[To do] Leave out any picture and return the remaining listing below exactly as given.

[Collected material]
·····

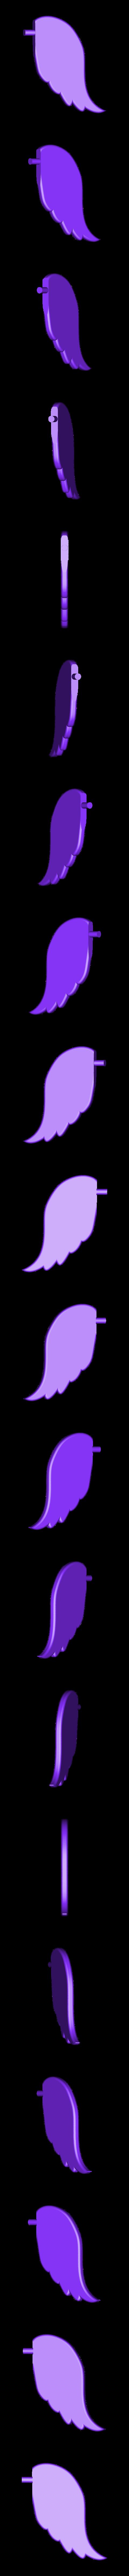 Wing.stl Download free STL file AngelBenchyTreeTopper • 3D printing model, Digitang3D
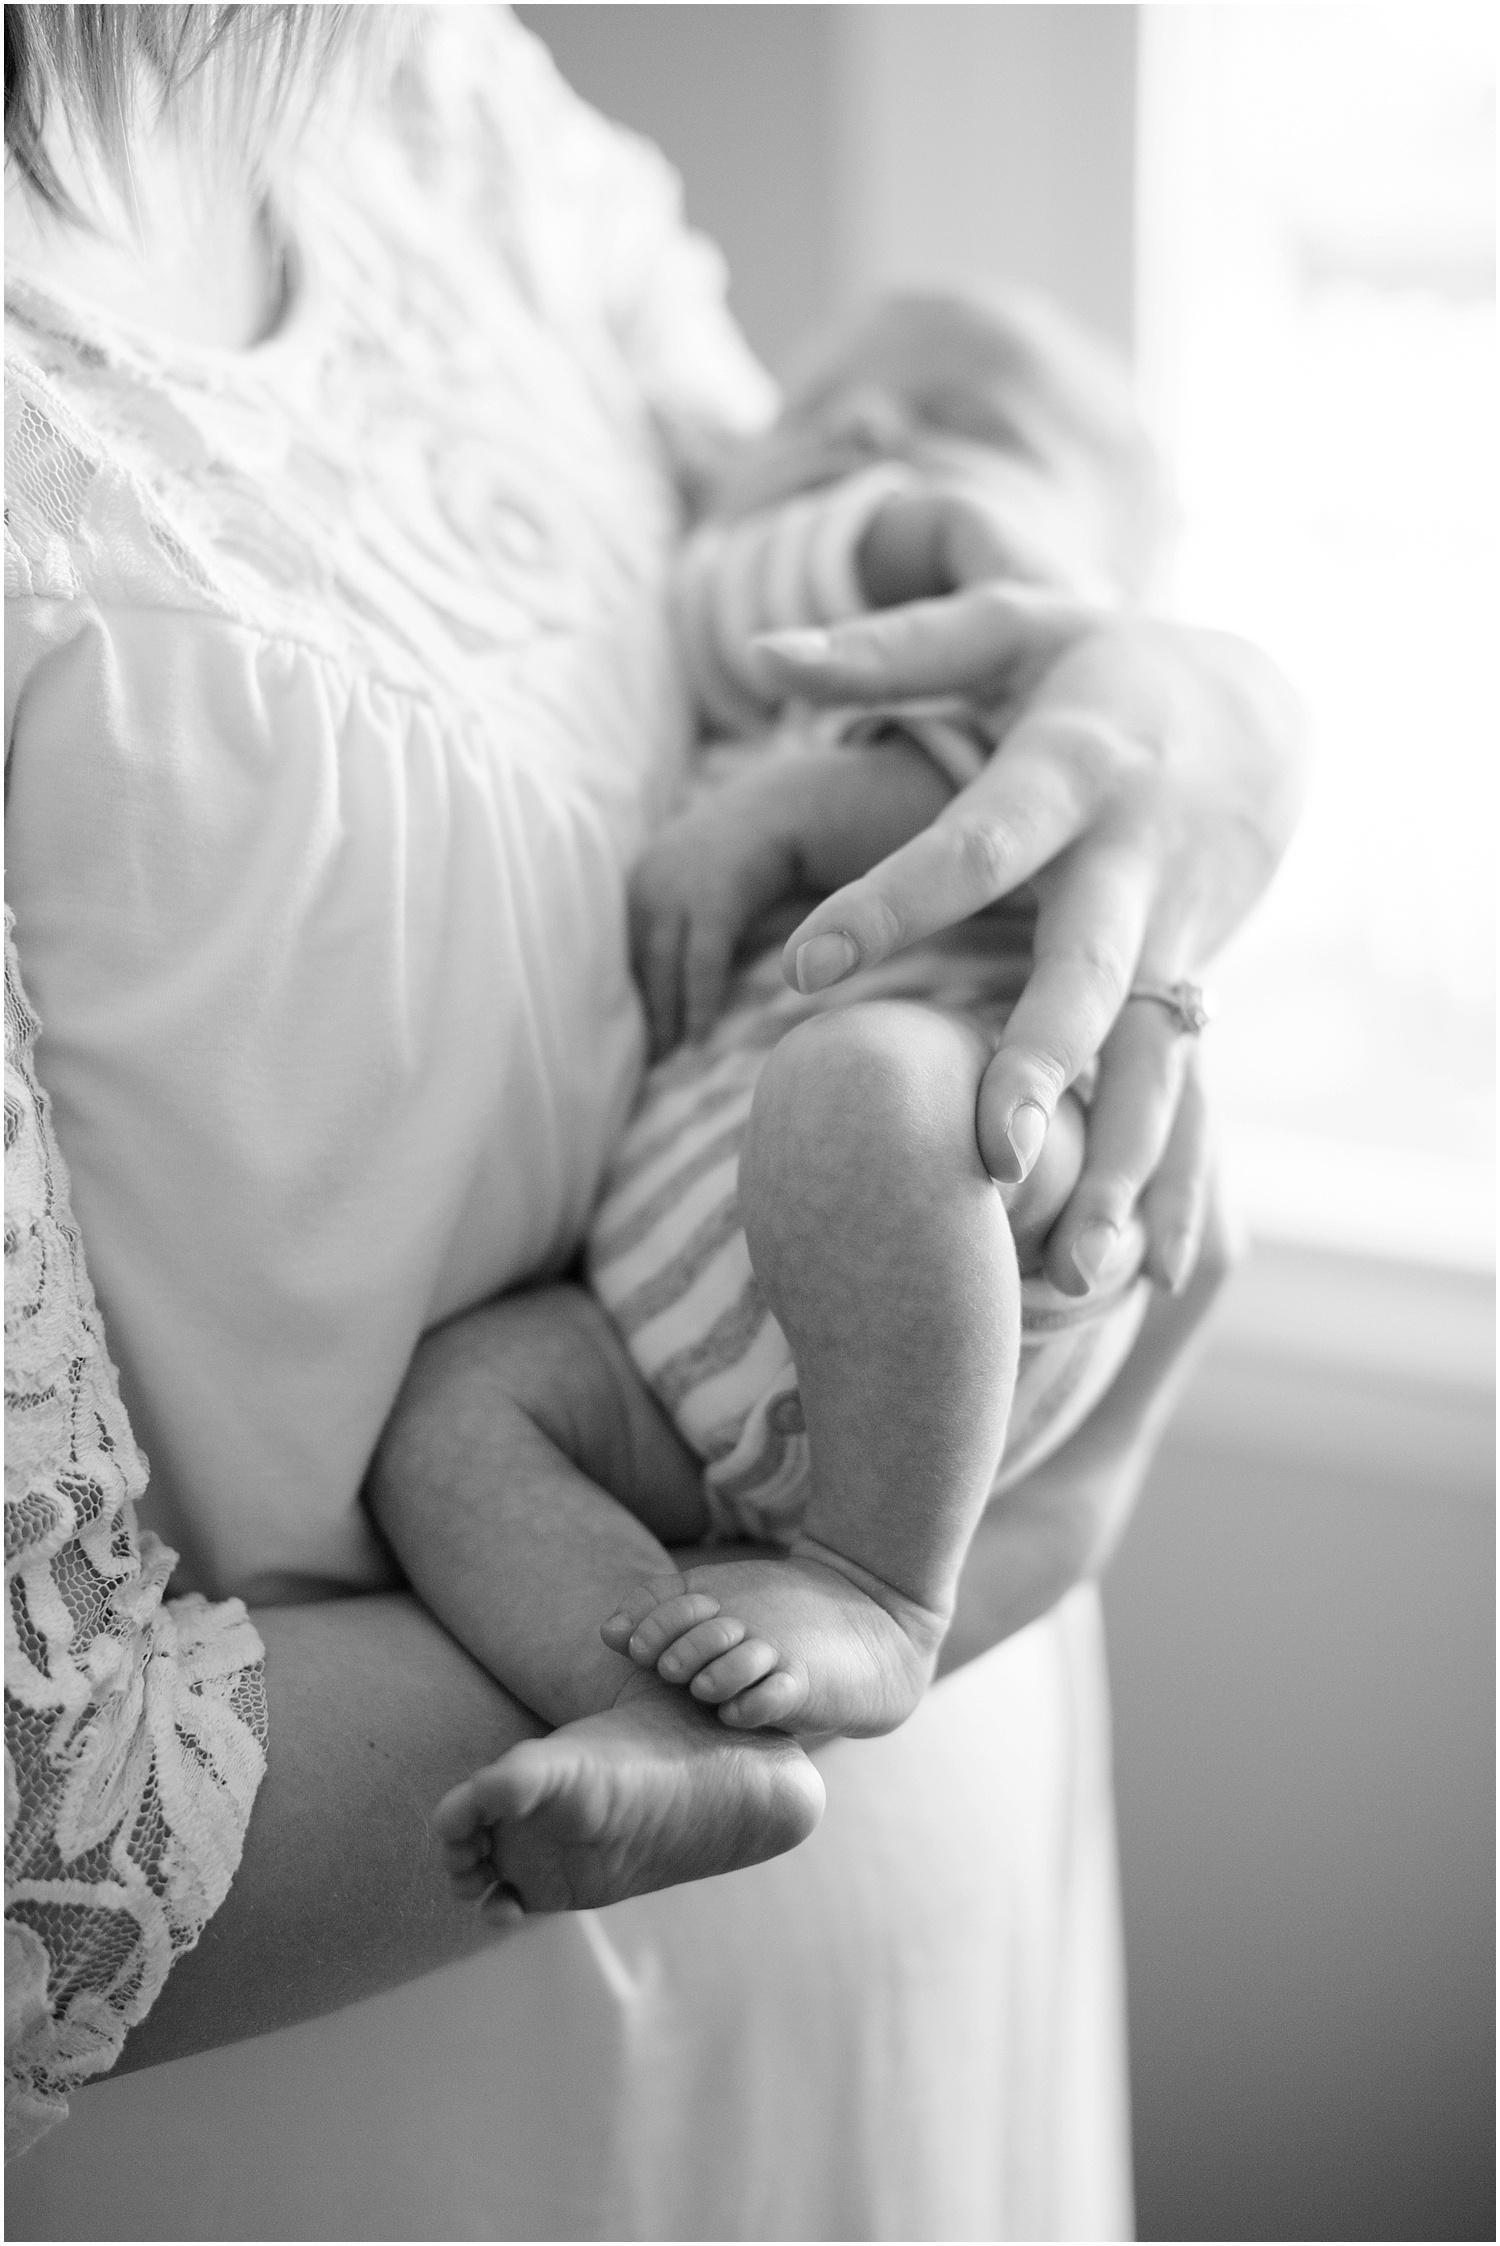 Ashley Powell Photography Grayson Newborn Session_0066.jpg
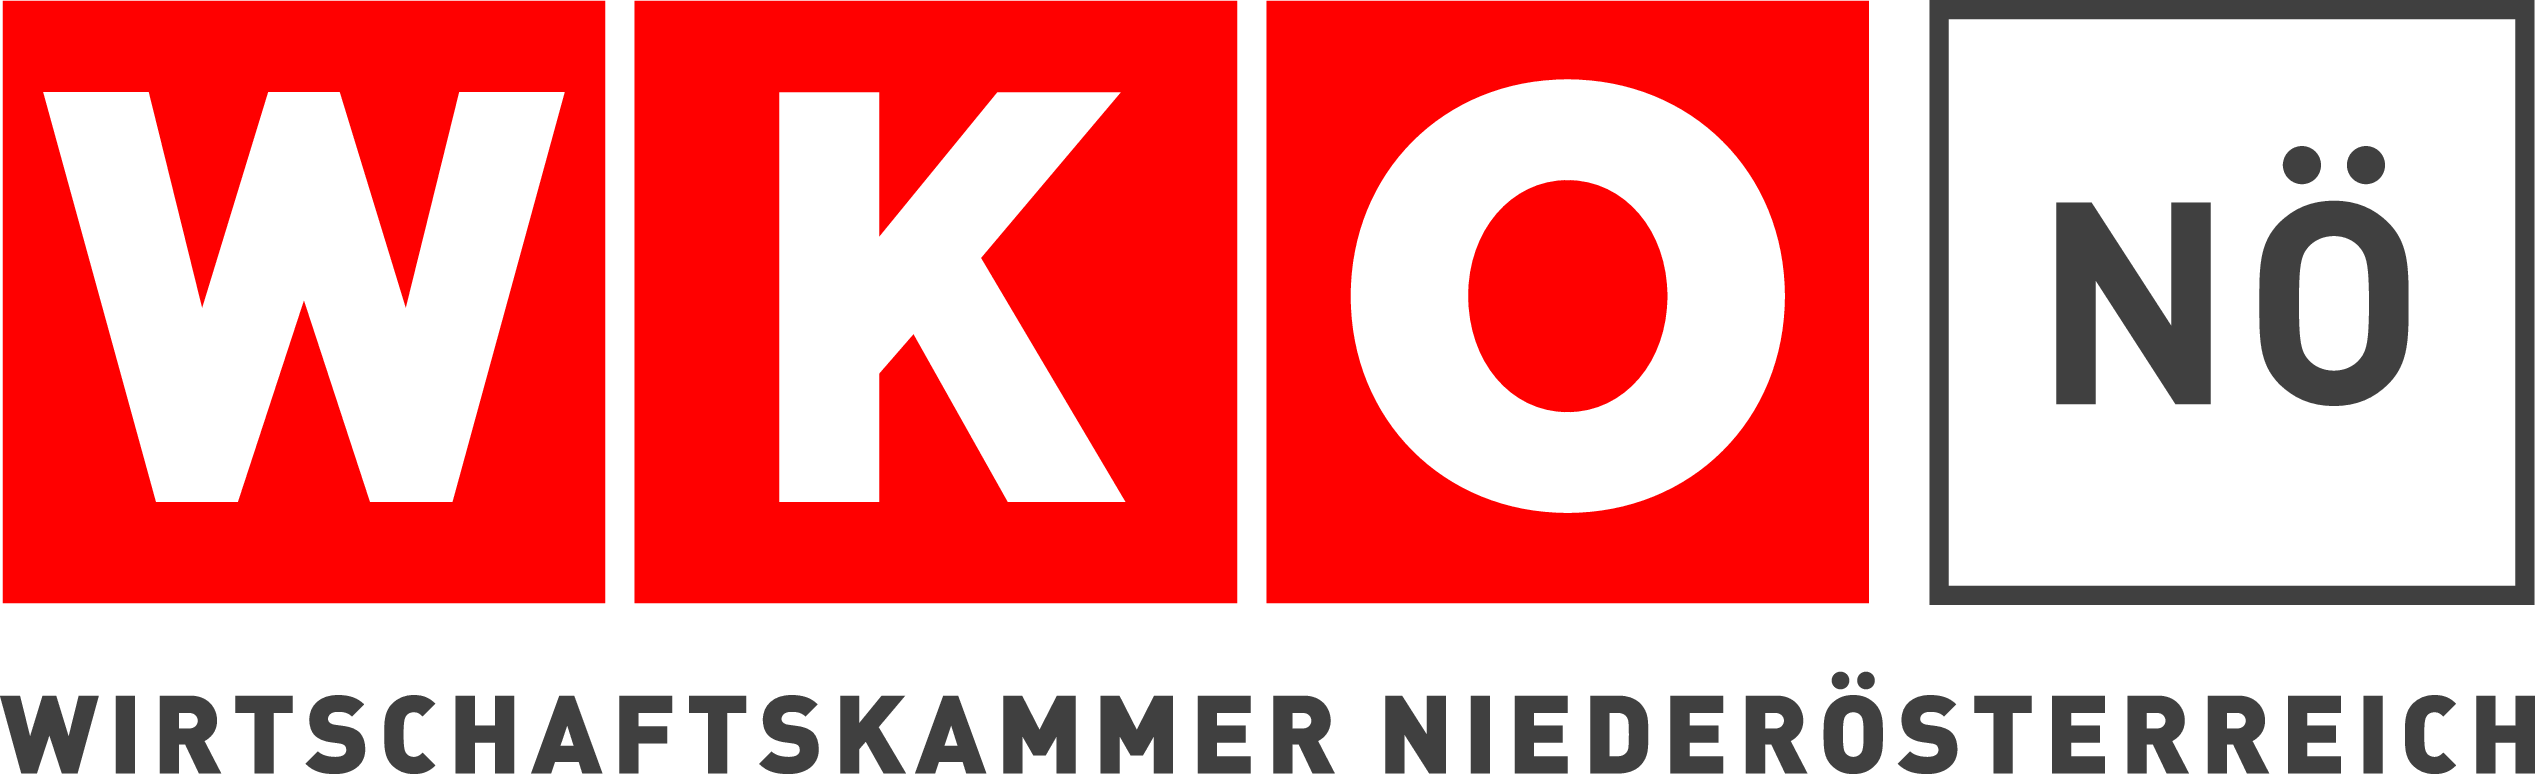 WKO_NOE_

·····

[Final answer]
 Wing.stl Download free STL file AngelBenchyTreeTopper • 3D printing model, Digitang3D
 Ashley Powell Photography Grayson Newborn Session_0066.jpg
 WKO_NOE_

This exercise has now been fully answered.